I have an python dict
whose keys and values are strings, integers and other dicts and tuples ( json does not support those ). I want to save it to a text file and then read it from the file. Basically, I want a read
counterpart to the built-in print
(like in Lisp).
Constraints:
Is there anything better than json ?
You could use repr()
on the dict
, then read it back in and parse it with ast.literal_eval()
. It's as human readable as Python itself is.
Example:
In [1]: import ast
In [2]: x = {}
In [3]: x['string key'] = 'string value'
In [4]: x[(42, 56)] = {'dict': 'value'}
In [5]: x[13] = ('tuple', 'value')
In [6]: repr(x)
Out[6]: "{(42, 56): {'dict': 'value'}, 'string key': 'string value', 13: ('tuple', 'value')}"
In [7]: with open('/tmp/test.py', 'w') as f: f.write(repr(x))
In [8]: with open('/tmp/test.py', 'r') as f: y = ast.literal_eval(f.read())
In [9]: y
Out[9]:
{13: ('tuple', 'value'),
'string key': 'string value',
(42, 56): {'dict': 'value'}}
In [10]: x == y
Out[10]: True
You may also consider using the pprint
module for even friendlier formatted output.

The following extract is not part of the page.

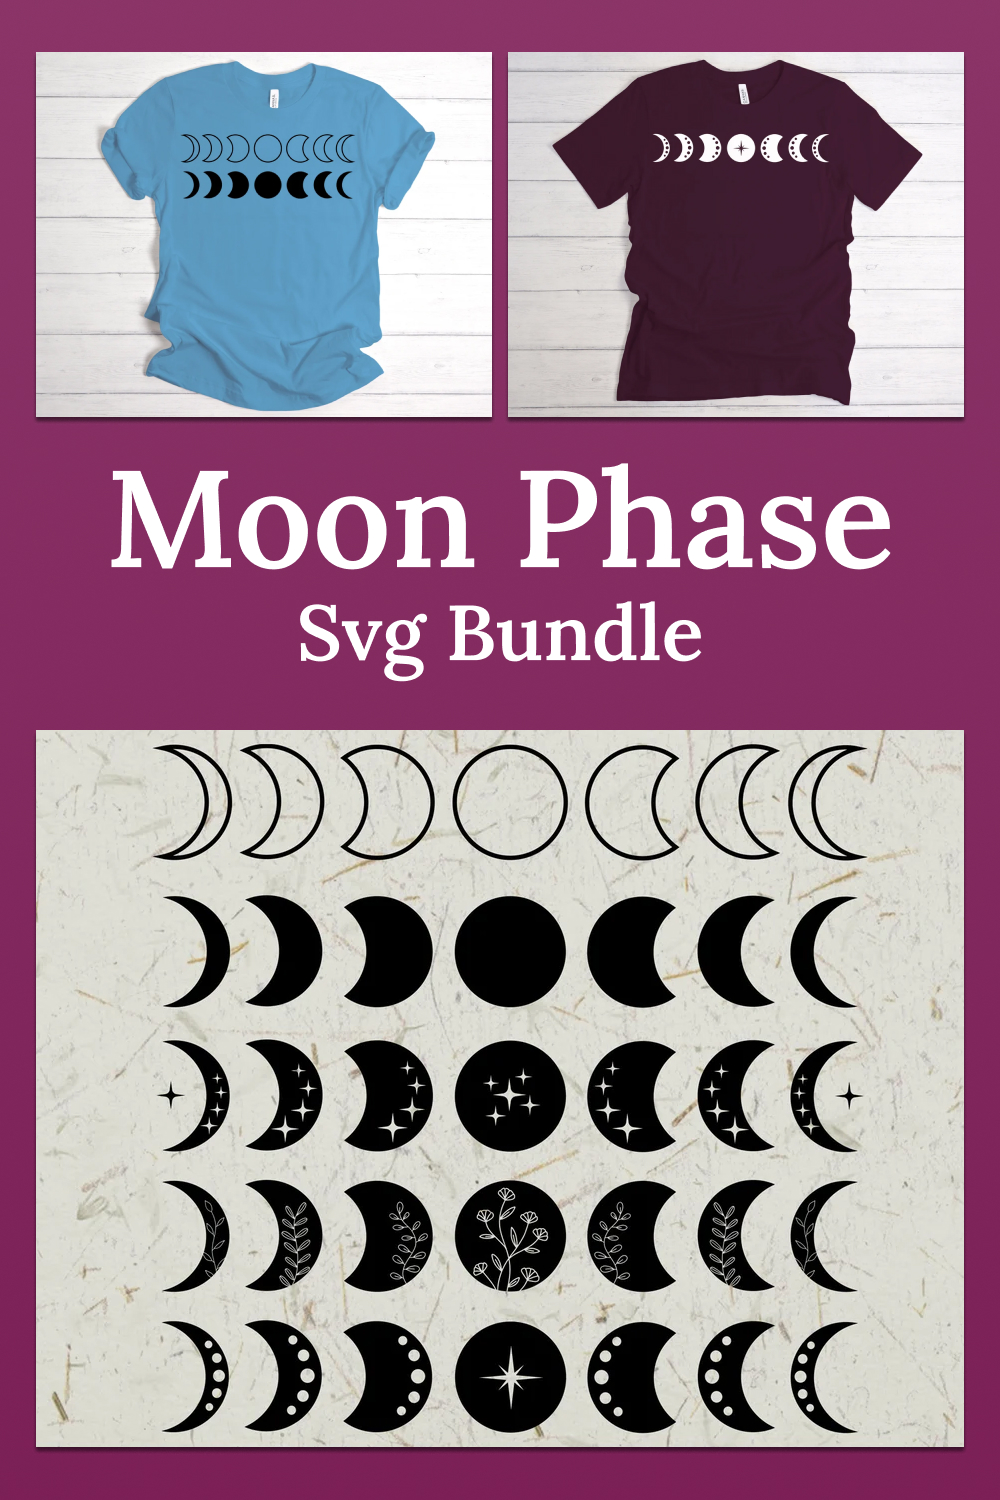 Moon phase svg bundle of pinterest.

Honestly, json is your answer [EDIT: so long as the keys are strings, didn't see the part about dicts as keys], and that's why it's taken over in the least 5 years. What legibility issues does json have? There are tons of json indenter, pretty-printer utilities, browser plug-ins [1][2] - use them and it certainly is human-readable. json(/simplejson) is also extremely performant (C implementations), and it scales, and can be processed serially, which cannot be said for the AST approach (why be eccentric and break scalability?).
This also seems to be the consensus from 100% of people answering you here... everyone can't be wrong ;-) XML is dead, good riddance.